Hawaiian monk seal gets eye removed in surgery

HONOLULU (AP) - Veterinarians have removed the infected eye of a young, underweight Hawaiian monk seal during surgery at the Honolulu Zoo.

The 1-to-2 year-old female juvenile found on Niihau was losing weight because it couldn't feed itself, federal officials said.

The 95-pound animal was so thin that its hips and spine became more visible, said Dr. Michelle Barbieri, conservation medicine veterinarian for the Marine Mammal Center, a California-based organization helping treat the seal.

She said seals with only one eye can do well in the wild.

Bariberi said it appears something punctured the seal's eyeball, and Its lower eyelid was cut. Doctors don't know whether humans injured the animal.

The seal has shown a great appetite since the surgery was performed Wednesday, Bariberi said, the Honolulu Star-Advertiser (http://bit.ly/1kD7Sno) reported.

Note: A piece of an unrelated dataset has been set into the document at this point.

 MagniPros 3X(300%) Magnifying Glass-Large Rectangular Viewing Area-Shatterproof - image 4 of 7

"It's really an encouraging sign in her recovery," she said. "So far things are looking pretty good."

Hawaiian monk seals are a critically endangered species. Fewer than 1,100 remain and the population is declining about 4 percent a year.

A Coast Guard C-130 flew the seal identified as R1KU to Oahu as part of a regular training flight.

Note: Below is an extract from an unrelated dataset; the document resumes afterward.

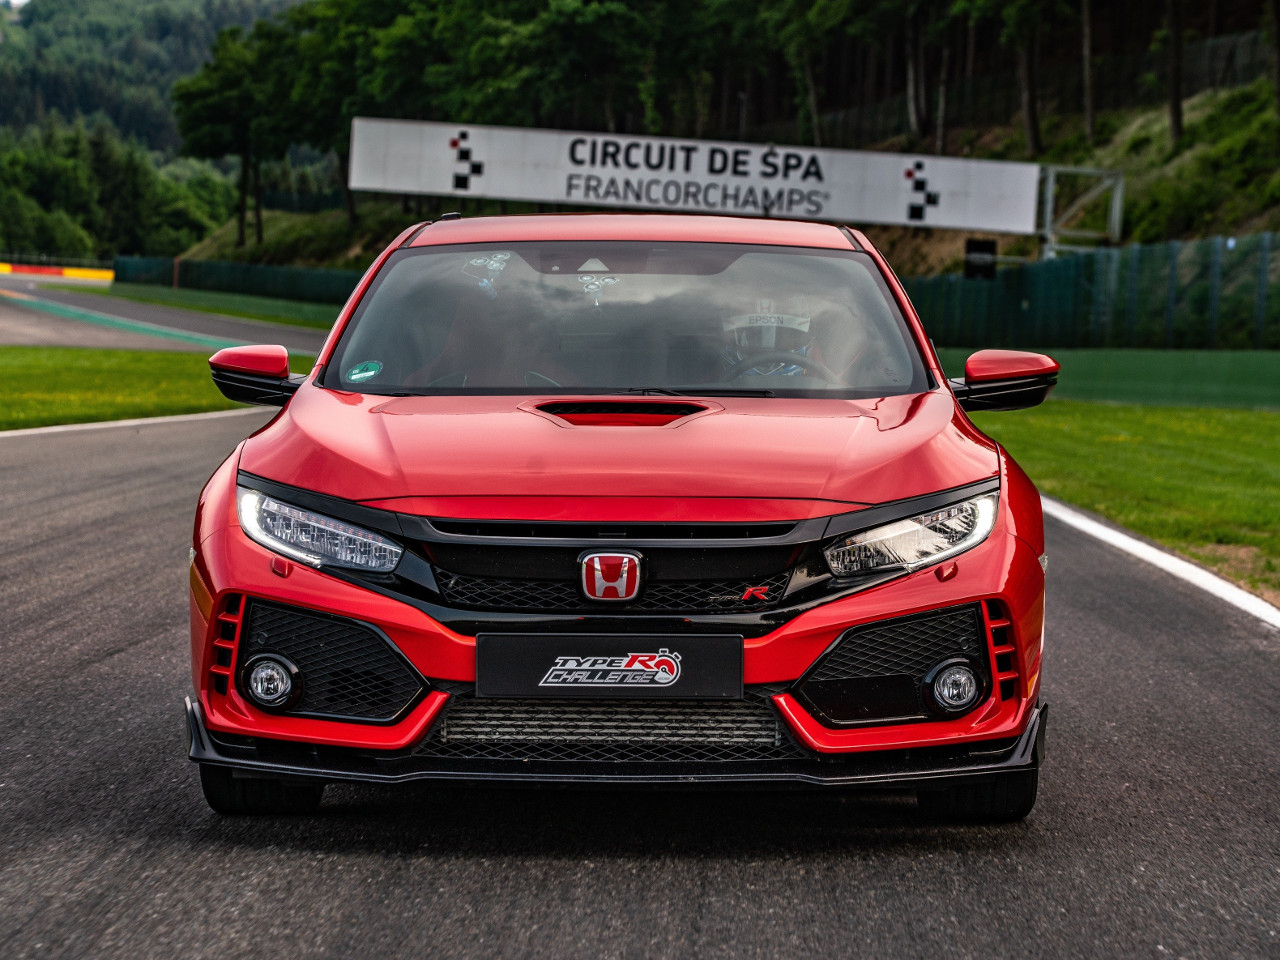 Type R at Francorchamps - Front view

A federal team initially treated her with antibiotics on Niihau after the Robinson family, which owns the island, reported her injury. Officials decided to bring her to Oahu after she kept losing weight.

"We're very, very thankful to the Robinson family for notifying us," said David Schofield, marine mammal response manager for the National Oceanic and Atmospheric Administration in Hawaii.